The CPF beta link can be found here… [url]https://forums.comodo.com/index.php/topic,1216.0.html[/url]

G’day,

The Internet Assigned Numbers Authority (IANA) has reserved the following three blocks of the IP address space for private internets (local networks):

10.0.0.0 - 10.255.255.255
172.16.0.0 - 172.31.255.255
192.168.0.0 - 192.168.255.255

Also, IP addresses in the range of 169.254.0.0 -169.254.255.255 are reserved for automatic private IP addressing (used in setting up Internet Connection Sharing (ICS) in Windows)

Hope this hleps,
Ewen

I’m hesitant on the firewall beta, when I’m still new to te basic firewall.

On being able to duplicate the problem, I didn’t have that much of a problem on my iniital download of 7.50. It was only the upgrades, where I got the message of the different cryptographic signature and the freezes.

In any event, what’s wrong wilth my saying, essentially, the parent PC-Com is safe. I have to type the keyword to trigger the internet access, and I know where the keywords take me to. All I’m saying is “allow” for the purpose of this parent program.

That’s fine by me & there’s certainly nothing wrong with your approach.

I still believed it was causing you a major headache & that’s why I was still posting. If you’re happy, then so am I. ;D

Kail,

I very much appreciate your help. The freezes were a headache (and Comodo didn’t seem to be working well vis-a-vis PC -Com… But since I think PC-Com is safe for me simply to let pass as a “parent” (that is, to authorize it to do it’s “thing,” I’m happy.
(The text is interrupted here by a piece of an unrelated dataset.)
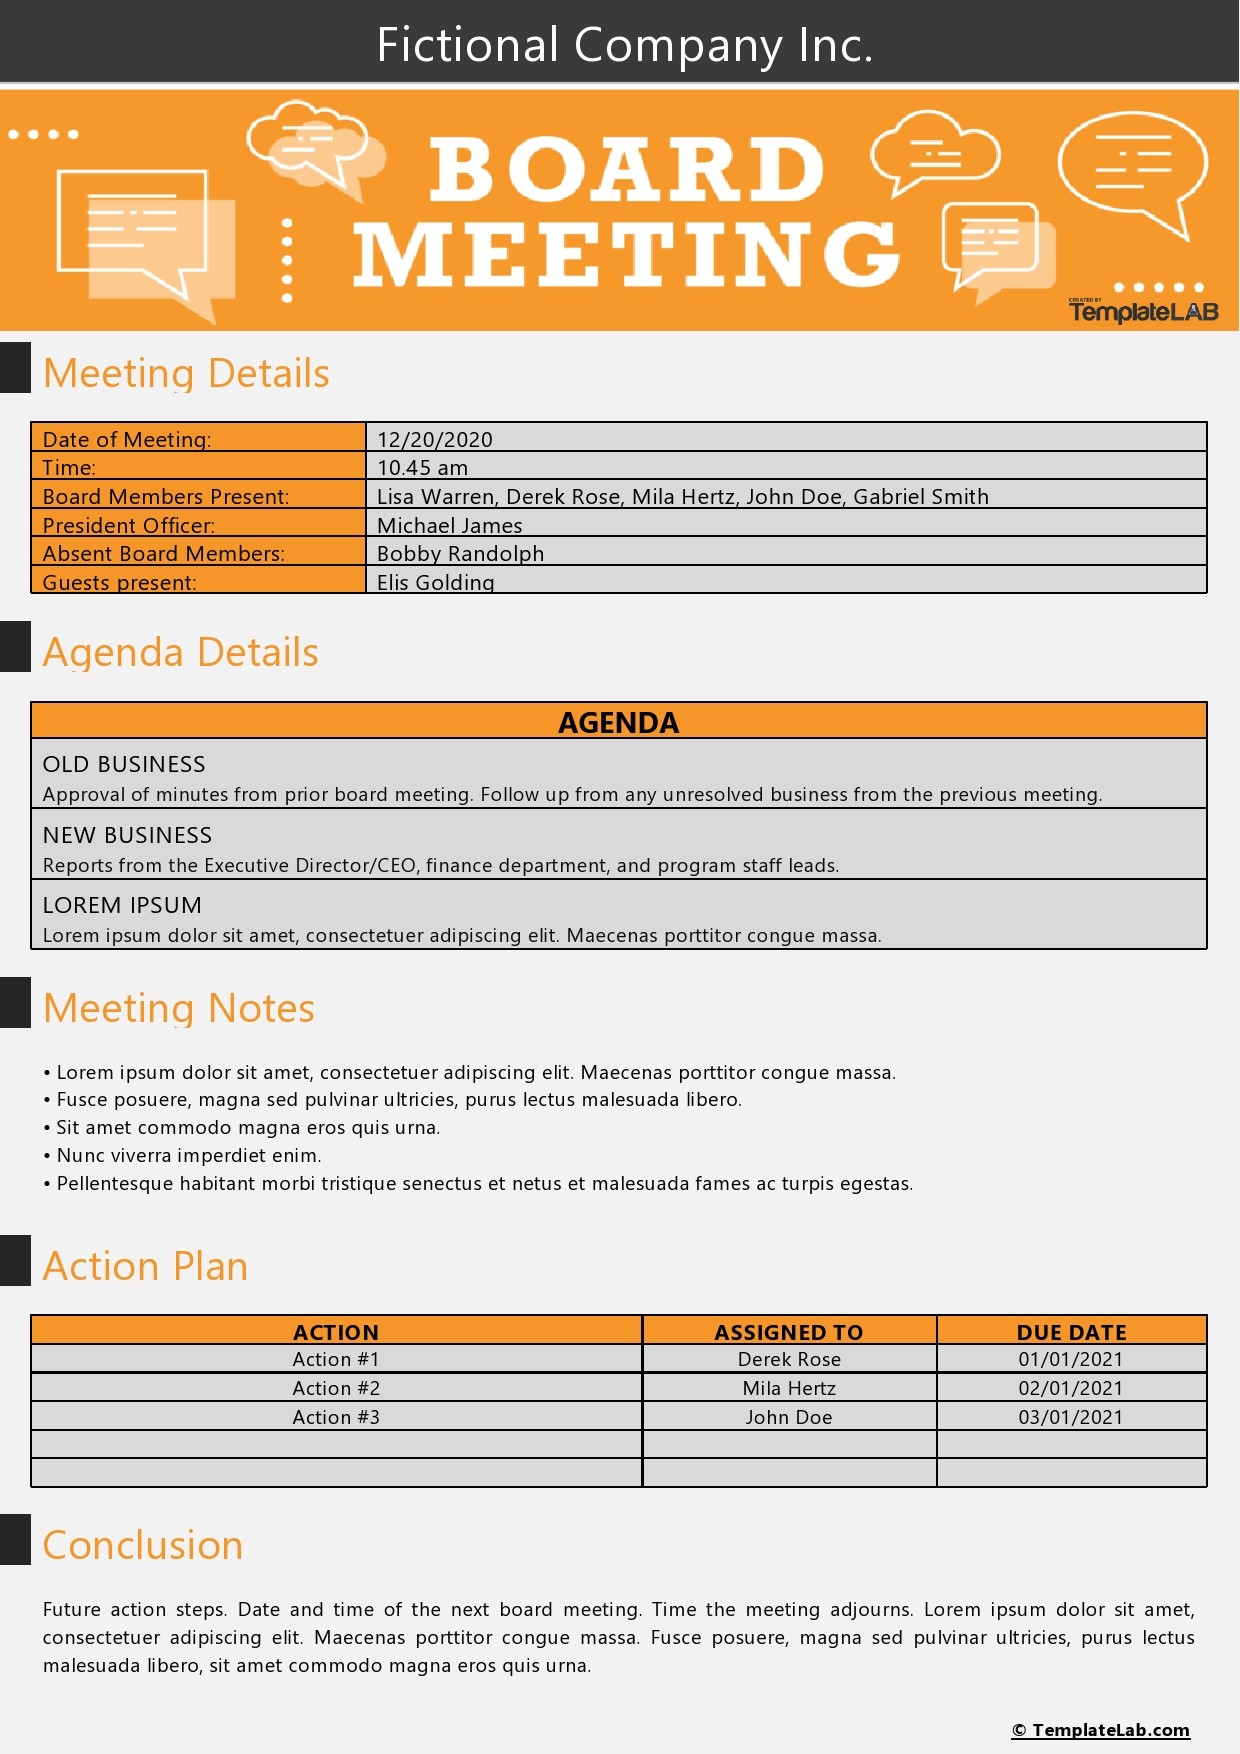 23 Handy Meeting Minutes & Meeting Notes Templates

It’s working. Now if I were getting freezes from other programs, I would be more concerned. I mean if Comodo, asks for your consent, and you give it, then it should not just freeze, with the pop-up sitting on the screen leaving you in limbo. Still, heretofore, this is the only program w(PC - Com) where for updates, it’s done that. So I’ll let well enough alone, and go with my approach, of saying “allow” the parent activity.

Now I’ll watch Comodo and see if all else seems to work. And maybe even read more on this forum, so I can learn more about firewalls.

I just wanted to make sure my approach wasn’t destroying the benefit of a firewall, and endangering me. I think though, what I did is ok. Thanks again for the help.

No problem & I think you’ll be just fine.